Mathematics – Some interviewers ask basic discrete math questions. This is more prevalent at Google than at other companies because counting problems, probability problems and other Discrete Math 101 situations surround us. Spend some time before the interview refreshing your memory on (or teaching yourself) the essentials of elementary probability theory and combinatorics. You should be familiar with n-choose-k problems and their ilk.

Graphs – Consider if a problem can be applied with graph algorithms like distance, search, connectivity, cycle-detection, etc. There are three basic ways to represent a graph in memory (objects and pointers, matrix, and adjacency list) — familiarize yourself with each representation and its pros and cons. You should know the basic graph traversal algorithms, breadth-first search and depth-first search. Know their computational complexity, their tradeoffs and how to implement them in real code.

Recursion – Many coding problems involve thinking recursively and potentially coding a recursive solution. Use recursion to find more elegant solutions to problems that can be solved iteratively.

What the interviewer is looking for:

Your interviewer will be thinking about how your skills and experience might help their teams. Help them understand the value you could bring by focusing on these traits and abilities:

Communication. Are you asking for requirements and clarity when necessary, or are you just diving into the code? Your initial tech screen should be a conversation, so don’t forget to ask questions.

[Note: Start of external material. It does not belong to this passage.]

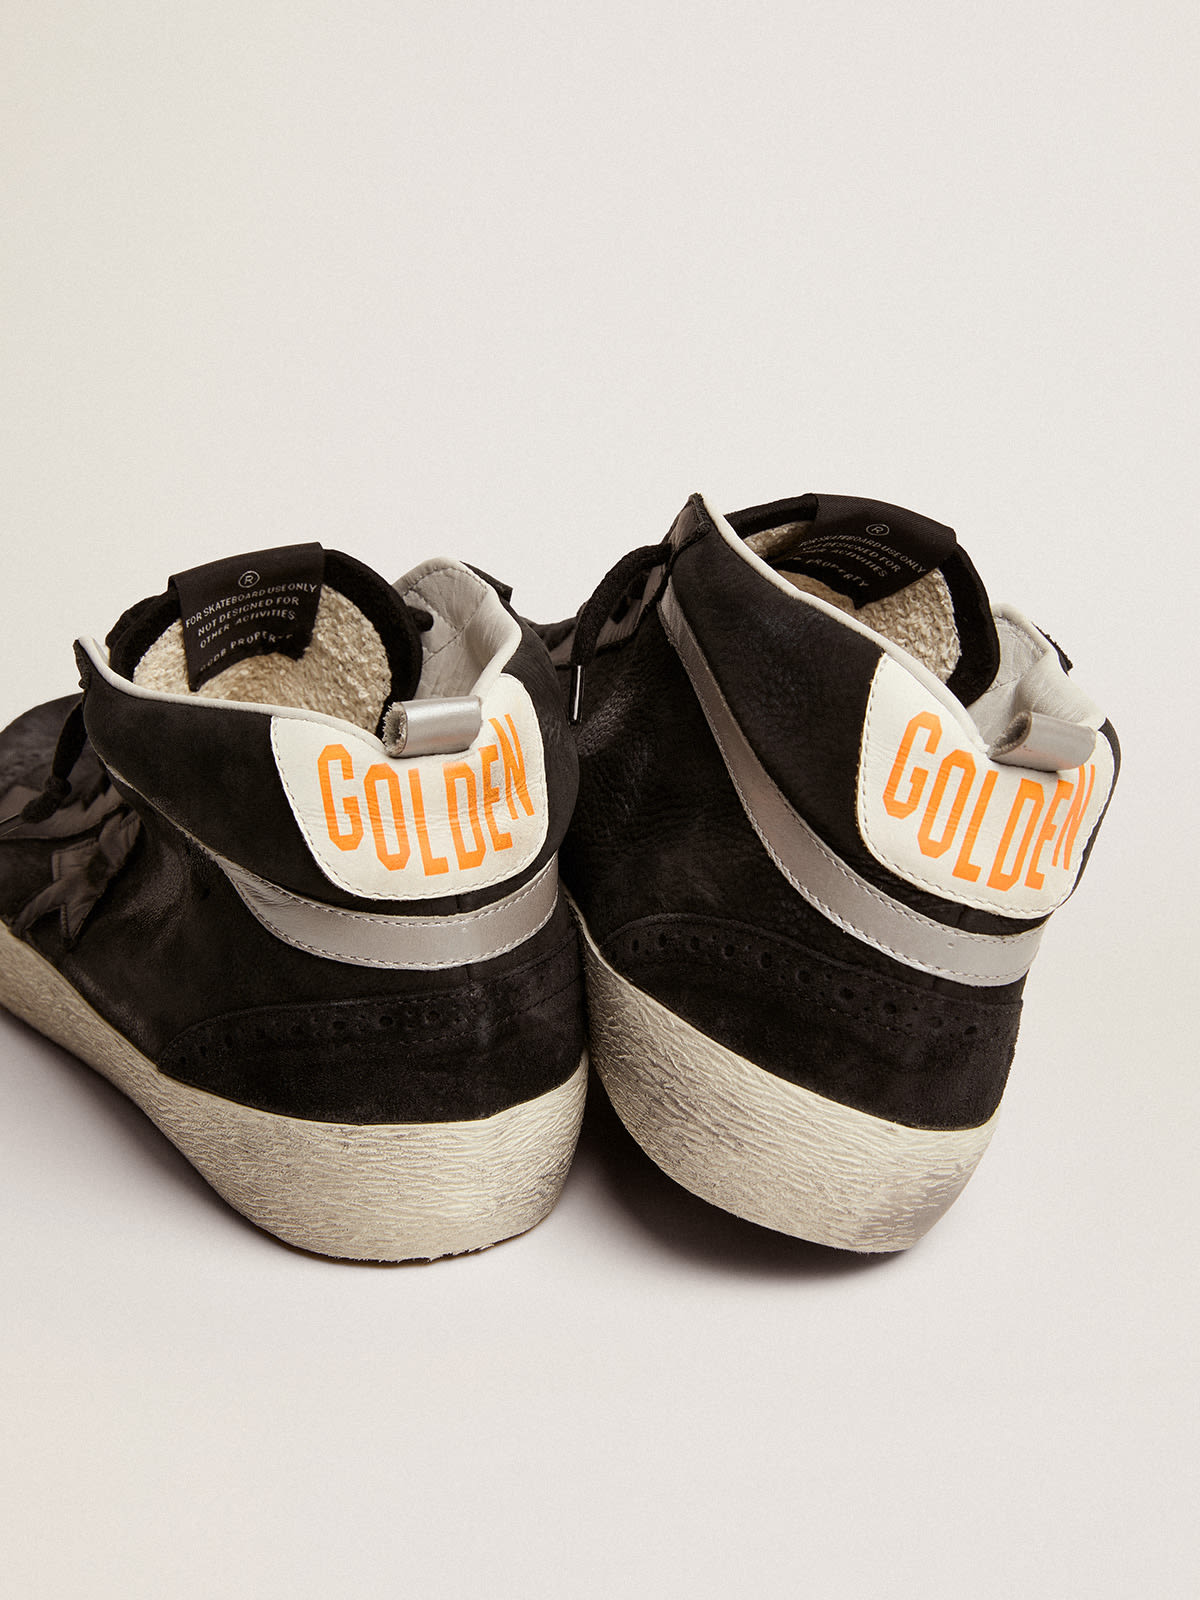 Golden Goose - Sneaker Mid Star in nabuk nero con stella in pelle nera e virgola in pelle laminata color argento in 
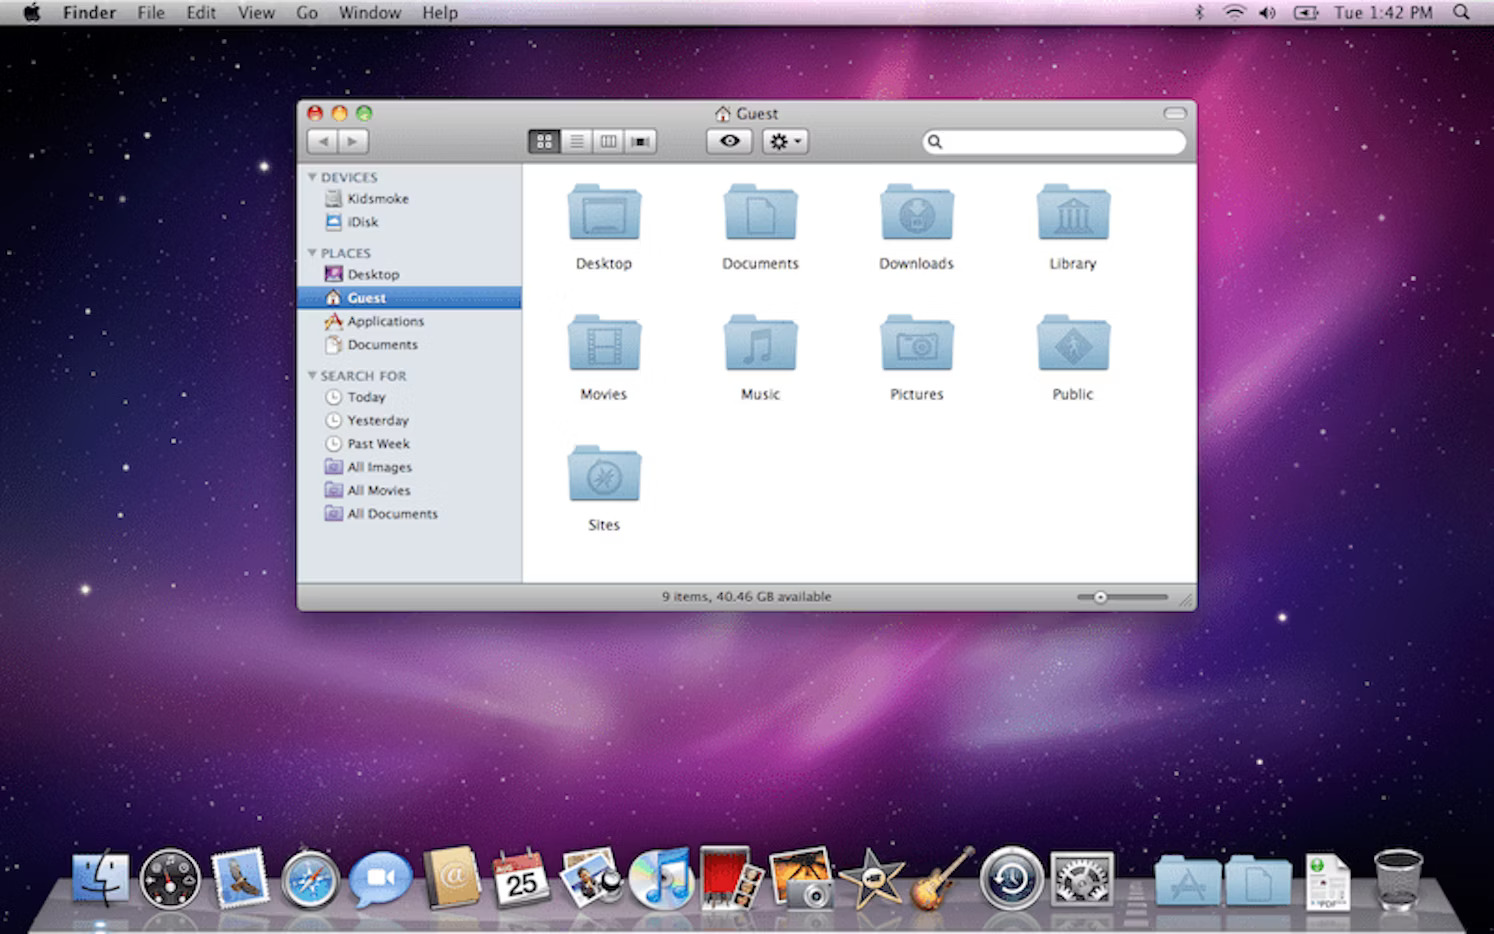 OS X 10.6 "Snow Leopard" (2009)

Problem solving. We’re evaluating how you comprehend and explain complex ideas. Are you providing the reasoning behind a particular solution? Developing and comparing multiple solutions? Using appropriate data structures? Speaking about space and time complexity? Optimizing your solution?

Coding. Can you convert solutions to executable code? Is the code organized and does it capture the right logical structure?

Verification. Are you considering a reasonable number of test cases or coming up with a good argument for why your code is correct? If your solution has bugs, are you able to walk through your own logic to find them and explain what the code is doing?

How to Prepare

Interviewers can only assess your skills and abilities based on what you show them during your interview, so it’s important to plan and prepare to best showcase your strengths.

  1. Before you practice, plan! Be honest with yourself—only you know how much prep time you’ll need. Make the most of your prep time by following these steps to plan your approach before you start practicing.

Schedule time to study and practice. Block out time every day to write code. Target medium and hard problems. Prioritize breadth over depth. It’s much better to practice solving fewer example problems of many problem types than to become very familiar with one type at the expense of the others. Set aside time to review what you’ve practiced. As you solve problems, make cheat sheets or flash cards to review later. Revision and repetition will strengthen your understanding of core concepts.

  1. Review core areas

Everyone could use a refresher in at least one area.

Algorithm design/analysis. Consider different algorithms and algorithmic techniques, such as sorting, divide-and-conquer, recursion, etc.

Data structures. Make sure you’re using the right tool for the right job. Keep in mind how and when certain data structures should be used and leveraged, and why some are preferred over others.

Other CS fundamentals. Review foundational techniques, including recursion, graph theory, tree traversal, combinatorial problems, and so on.

  1. Focus on key practice strategies

Reading through sample questions, recognizing concepts, and having a vague understanding of these concepts won’t be enough to help you shine. You need to practice! Make sure you’re setting your practice sessions up for success by following these tips from engineers who’ve been through the process.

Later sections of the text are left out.